# Reading Data from Text Files

In [ ]:
import os
import numpy as np
import pandas as pd
from sklearn import metrics
from sklearn.decomposition import PCA
import matplotlib.pyplot as plt
from Evaluation import compute_clusters, compute_purity, compute_recall, compute_f1, compute_entropy

# Reading Data from Text Files

In [ ]:
data_directory = "data"
training_data_means = []
evaluation_data_means = []
flattened_training_data = []
flattened_evaluation_data = []
training_labels = []
evaluation_labels = []

# Step 1: Accessing the Data Directory
activities = os.listdir(data_directory)

# Step 2: Iterating Through Activity Folders
for activity in activities:
    activity_path = os.path.join(data_directory, activity)
    activity_number = int(activity.split("a")[1])
    
    print("Activity Number:", activity_number)
    print("Activity:", activity)
    training_labels.extend([activity_number] * 48 * 8)  # 48 segments for training
    evaluation_labels.extend([activity_number] * 12 * 8)  # 12 segments for evaluation
    
    
    # Step 3: Iterating Through Subject Folders
    subjects = os.listdir(activity_path)
    for subject in subjects:
        subject_path = os.path.join(activity_path, subject)
        
        # Step 4: Reading Text Files (Segments)
        segments = os.listdir(subject_path)
        training_segments = segments[:48]  # First 48 segments for training
        evaluation_segments = segments[48:]  # Rest for evaluation
        
        for segment_file in training_segments:
            segment_file_path = os.path.join(subject_path, segment_file)
            with open(segment_file_path, 'r') as file:
                segment_data = np.loadtxt(file, delimiter=',')
                mean_data = np.mean(segment_data, axis=0)  # Taking mean along columns
                training_data_means.append(mean_data)
                
                flattened_data = segment_data.flatten()  # Flattening the segment
                flattened_training_data.append(flattened_data)
        
        for segment_file in evaluation_segments:
            segment_file_path = os.path.join(subject_path, segment_file)
            with open(segment_file_path, 'r') as file:
                segment_data = np.loadtxt(file, delimiter=',')
                mean_data = np.mean(segment_data, axis=0)  # Taking mean along columns
                evaluation_data_means.append(mean_data)
                
                flattened_data = segment_data.flatten()  # Flattening the segment
                flattened_evaluation_data.append(flattened_data)

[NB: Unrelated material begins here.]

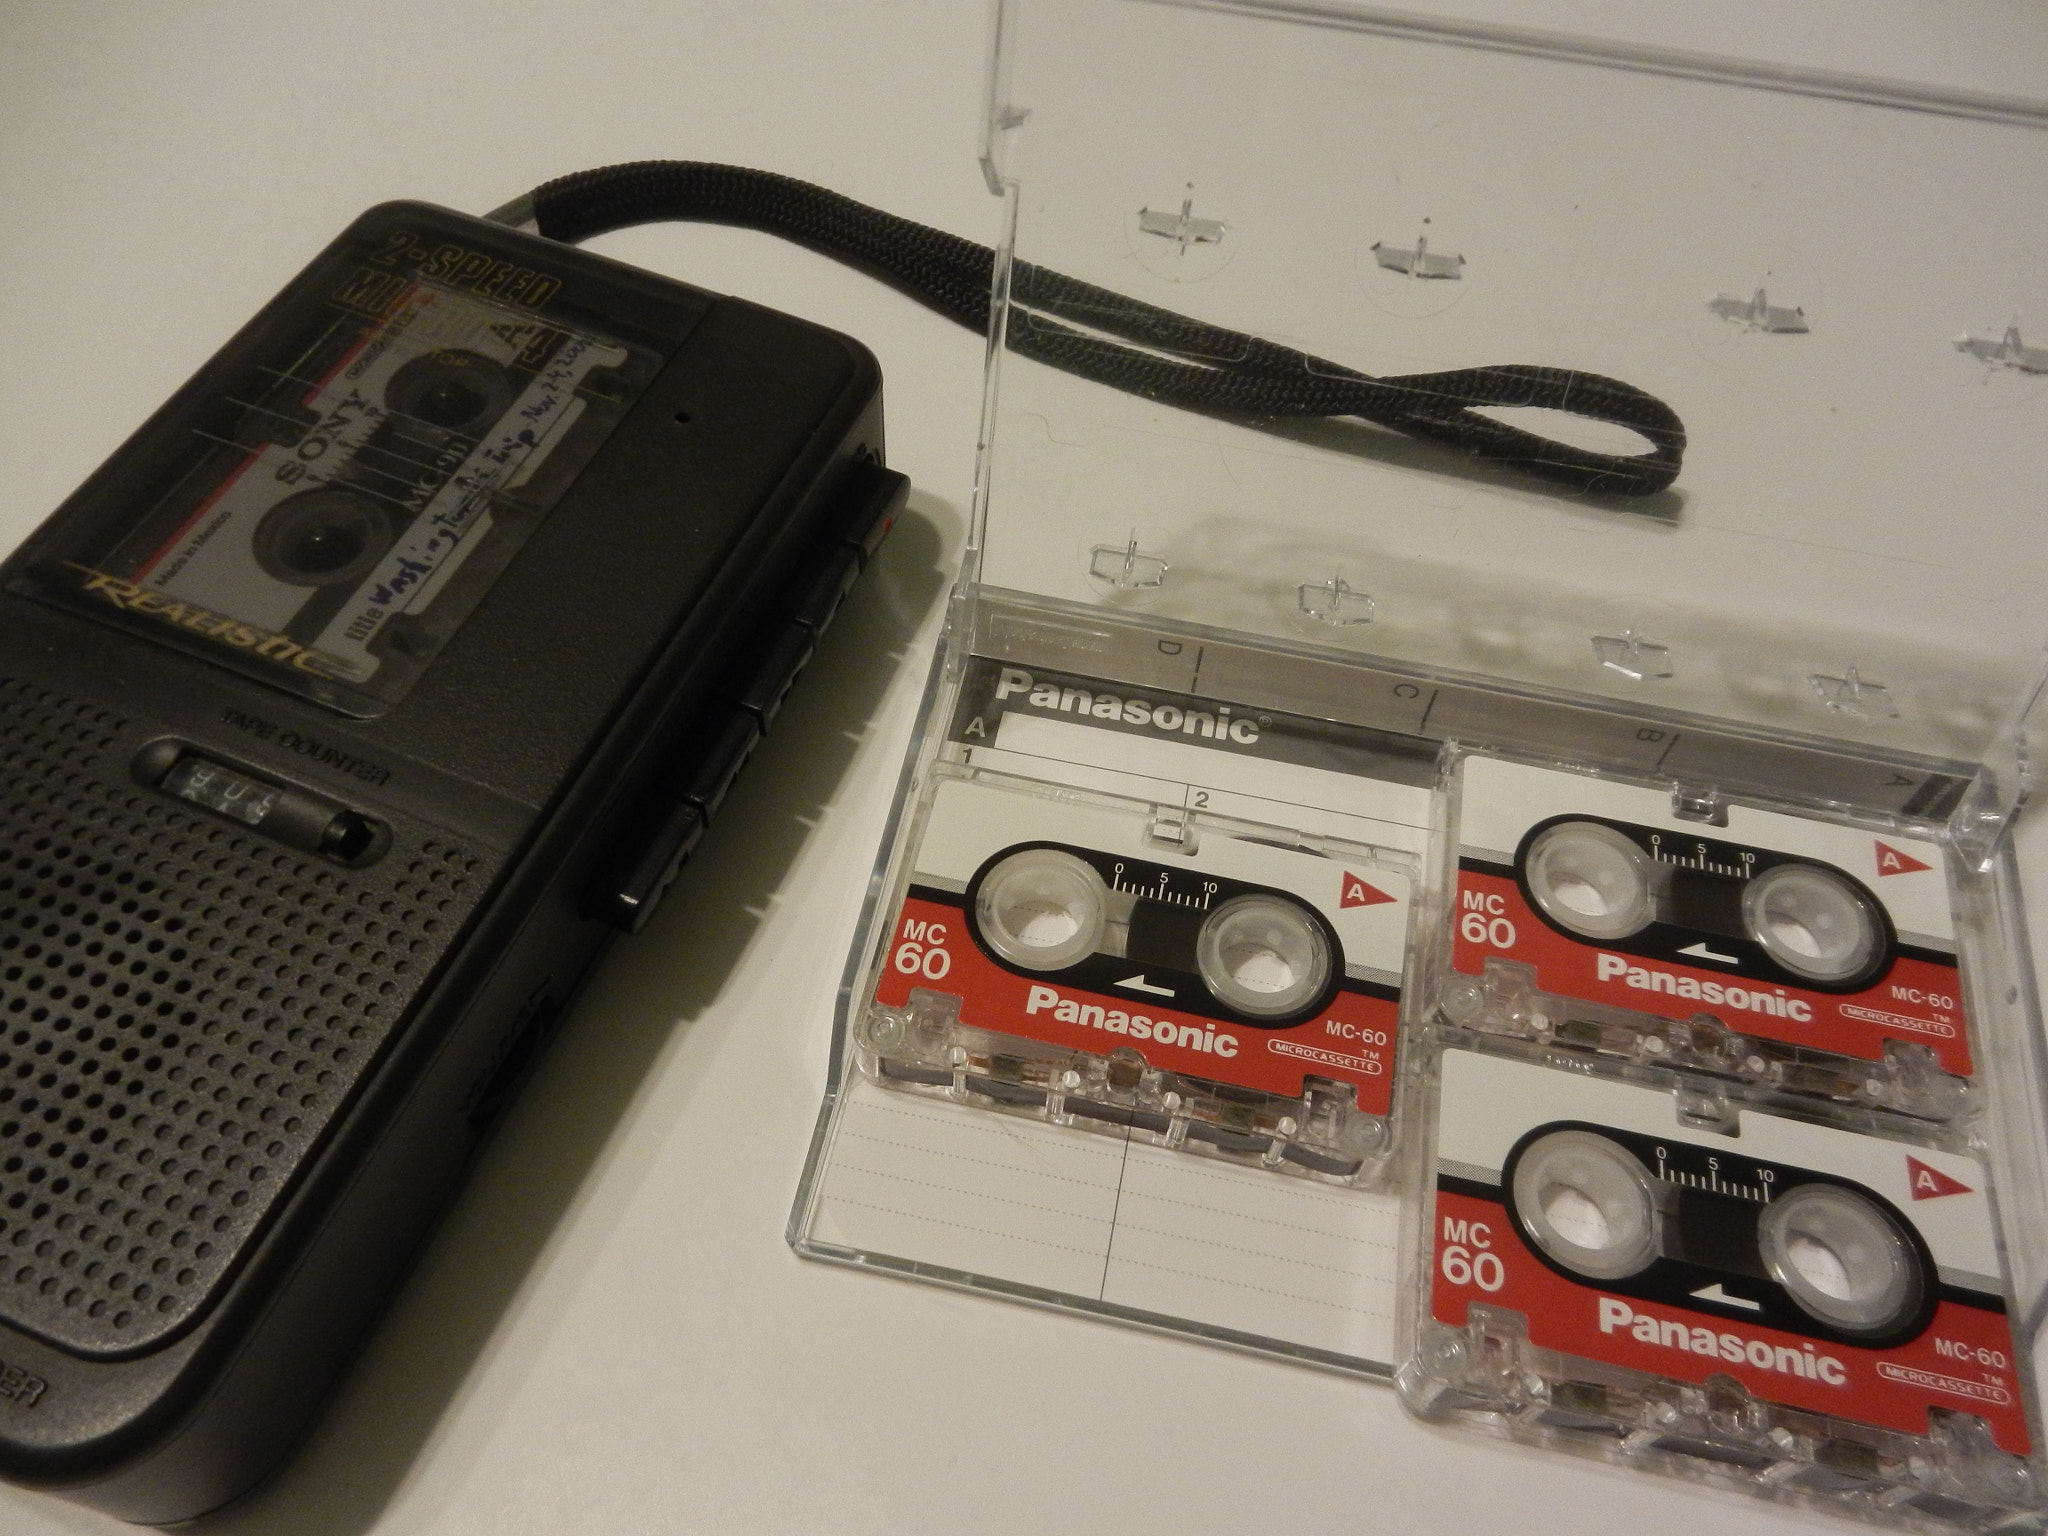 Nikon Coolpix S800c sample photo. Microcassette recorder and tape photography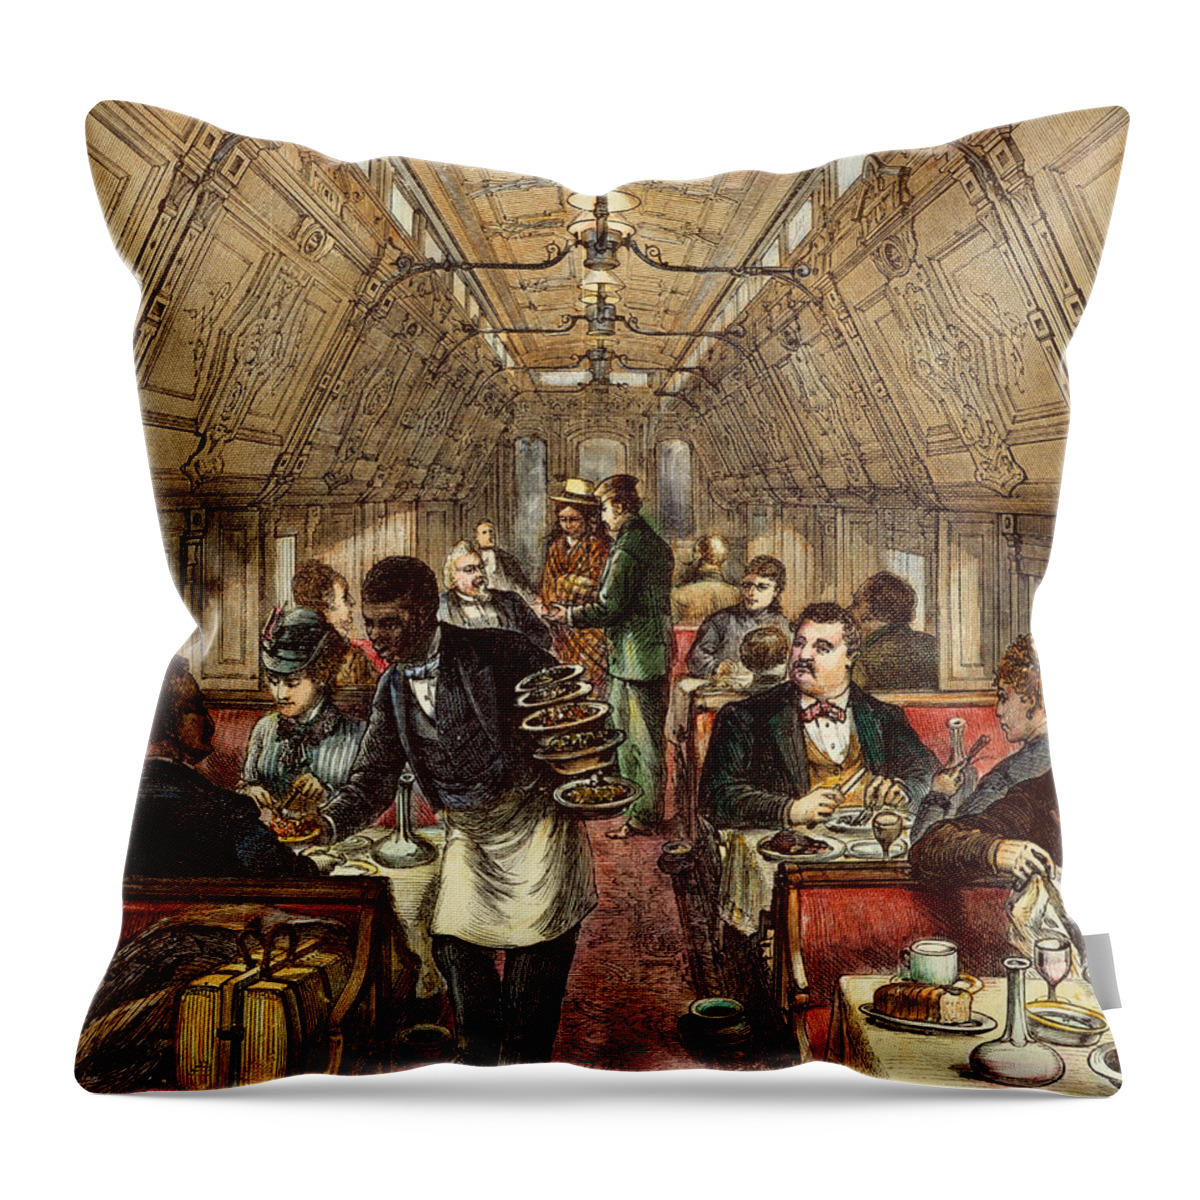 1877 Throw Pillow featuring the photograph Pullman: Dining Car, 1877 by Granger

# Convert the data lists into numpy arrays
training_data_means = np.array(training_data_means)
evaluation_data_means = np.array(evaluation_data_means)
flattened_training_data = np.array(flattened_training_data)
flattened_evaluation_data = np.array(flattened_evaluation_data)
PCA_reduction=PCA(n_components=0.9)
PCA_training_data = PCA_reduction.fit_transform(flattened_training_data)
PCA_evaluation_data = PCA_reduction.transform(flattened_evaluation_data)


# Now, 'training_data_means' and 'evaluation_data_means' contain mean values of each column for each segment,
# and 'flattened_training_data' and 'flattened_evaluation_data' contain flattened data for each segment.
print("Shape of training labels", np.array(training_labels).shape)
print("Shape of evaluation labels", np.array(evaluation_labels).shape)
print("Shape of training data (means):", training_data_means.shape)
print("Shape of evaluation data (means):", evaluation_data_means.shape)
print("Shape of flattened training data:", flattened_training_data.shape)
print("Shape of flattened evaluation data:", flattened_evaluation_data.shape)
print("Shape of PCA training data:", PCA_training_data.shape)
print("Shape of PCA evaluation data:", PCA_evaluation_data.shape)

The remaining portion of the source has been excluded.